5. Prevent filling up the drive beyond 80%.
But why do i have to sacrifice so much storage space to keep my SSD fast?
Well, this method would give you more
usable space while still preventing heavy performance degradation. You can go ahead and create a 100% sized partition and just rely on TRIM to do its work, you would need to prevent your SSD from filling up more than 50/60% to trigger erase block fragmentation. So in essence, space given to the SSD using TRIM is of less quality than space 100% dedicated (or technically said: space that is contiguous) to the SSD.
So it's either:
100% partition and 50% filesystem used capacity
80% partition and 80% filesystem used capacity
When looking at this way, you actually don't lose anything and can actually use more space on your filesystem.
Some other notes:
- Never write to filesystems more than 90% full, it triggers bad filesystem fragmentation including system files if you do an update, etc.

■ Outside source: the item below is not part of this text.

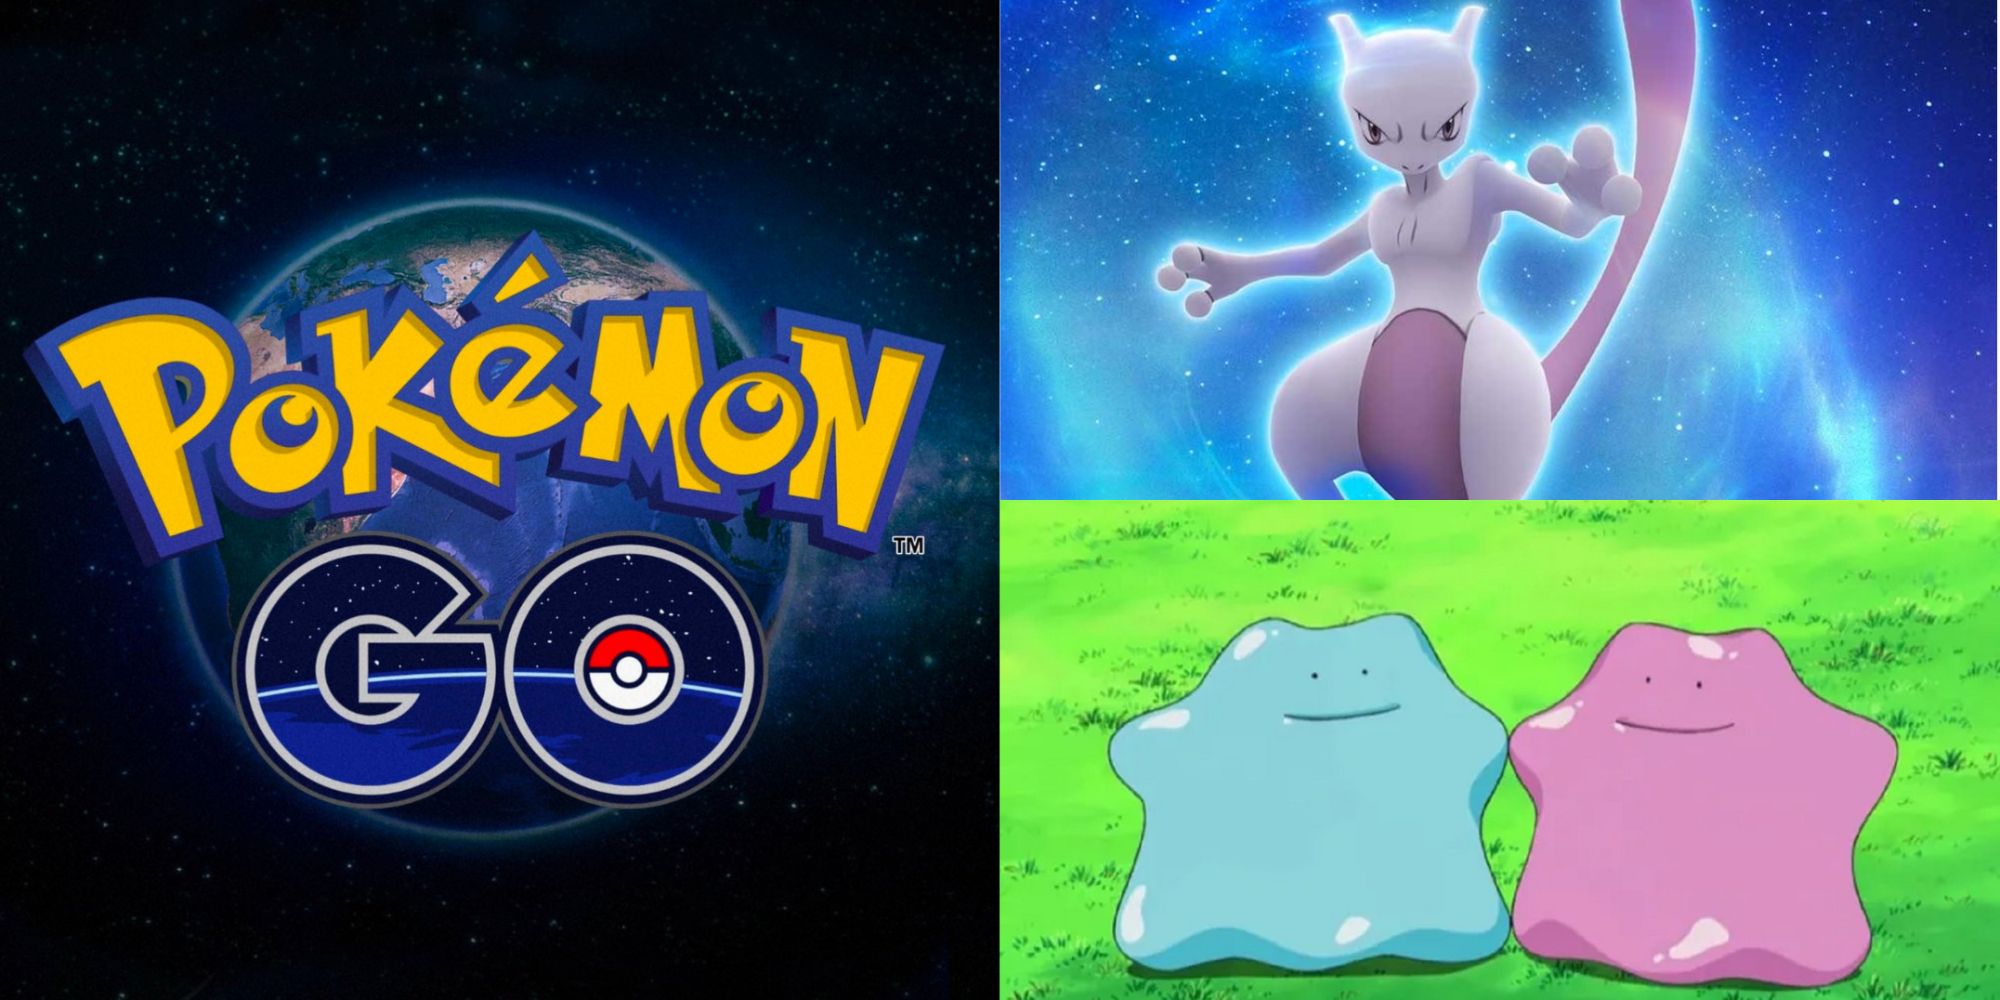 Pokémon Go Ditto is no longer the rarest Pokémon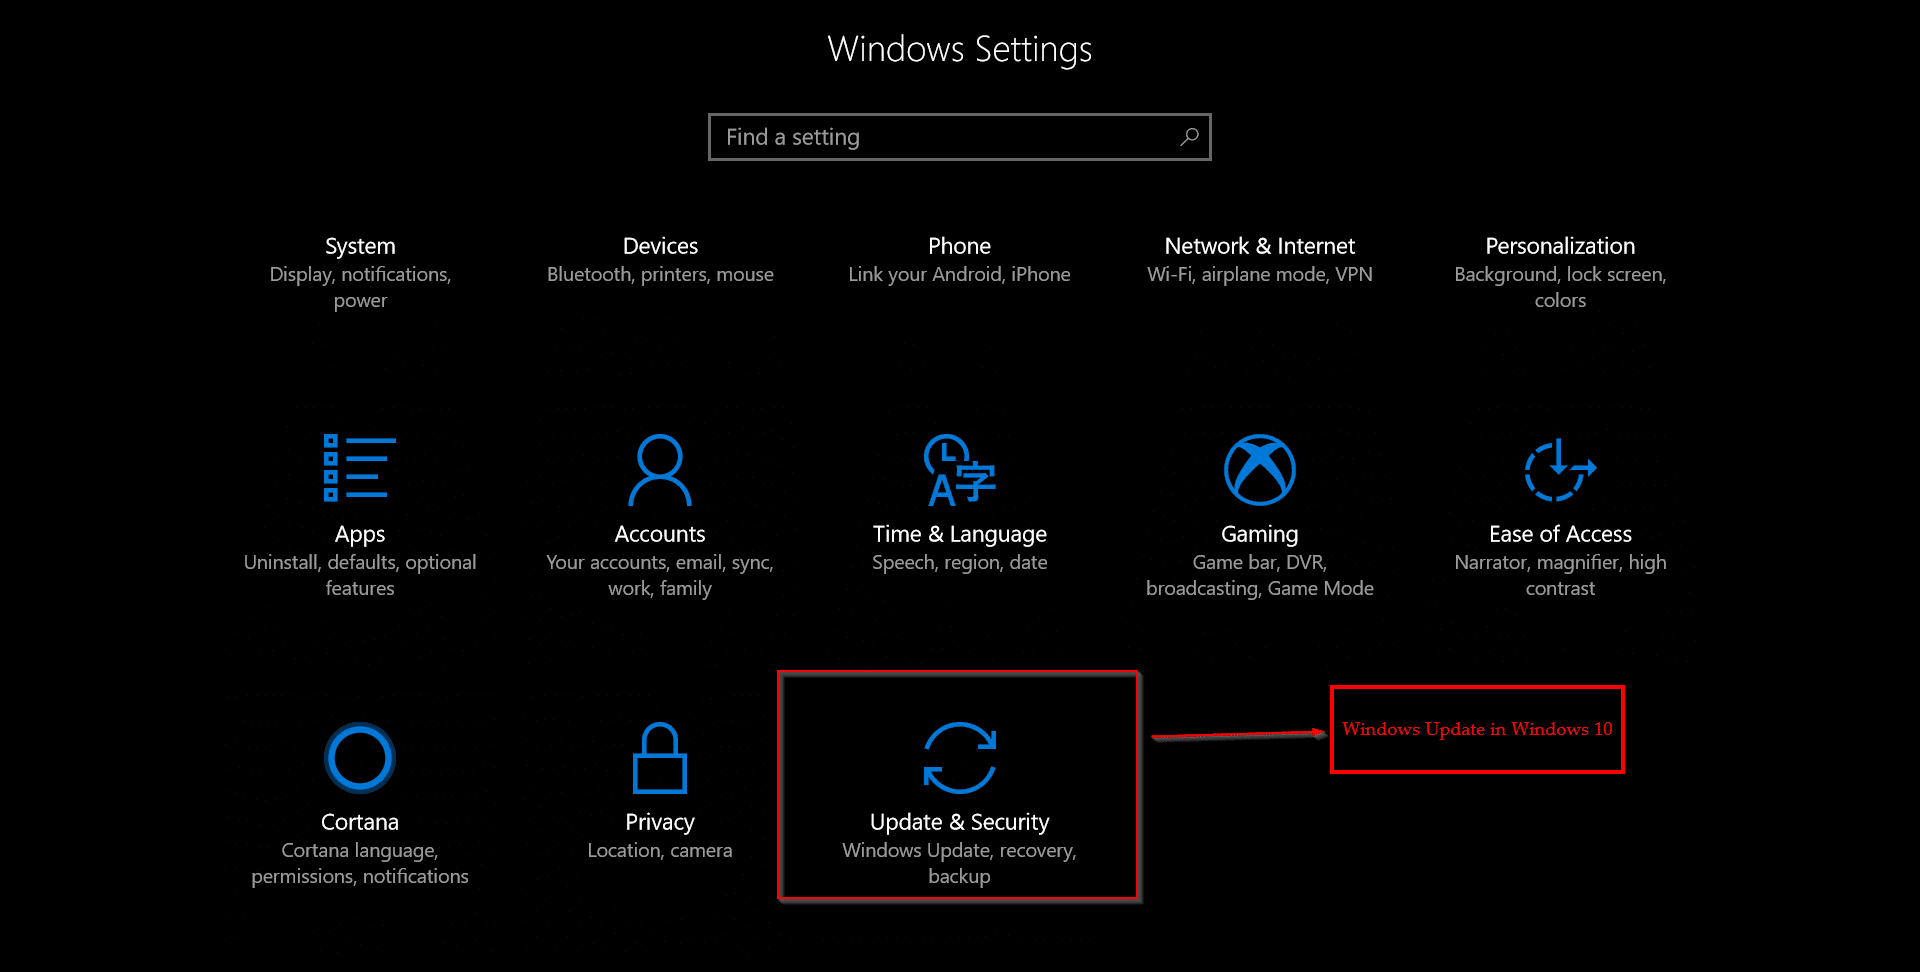 Windows Update In Windows 10

- Never defragment your SSD!!! This will only makes things MUCH worse! You would be doing the exact opposite: cause extreme fragmentation and 100% dynamic data on the SSD.
- Testing this theory by writing large sequential files will not help. Sequential files are written as static data without degradation; it is the smaller random writes that hurt. That also means that performing AS SSD and CrystalDiskMark benchmarks a lot will actually be quite bad if you do not have TRIM. If you do have TRIM, all those random writes would simply disappear again and given back to the SSD; phew!
So to test this theory, actual heavy use after time especially with a nearly full filesystem would surely trigger heavy erase block fragmentation and yield very poor benchmarks results (and actual performance as well).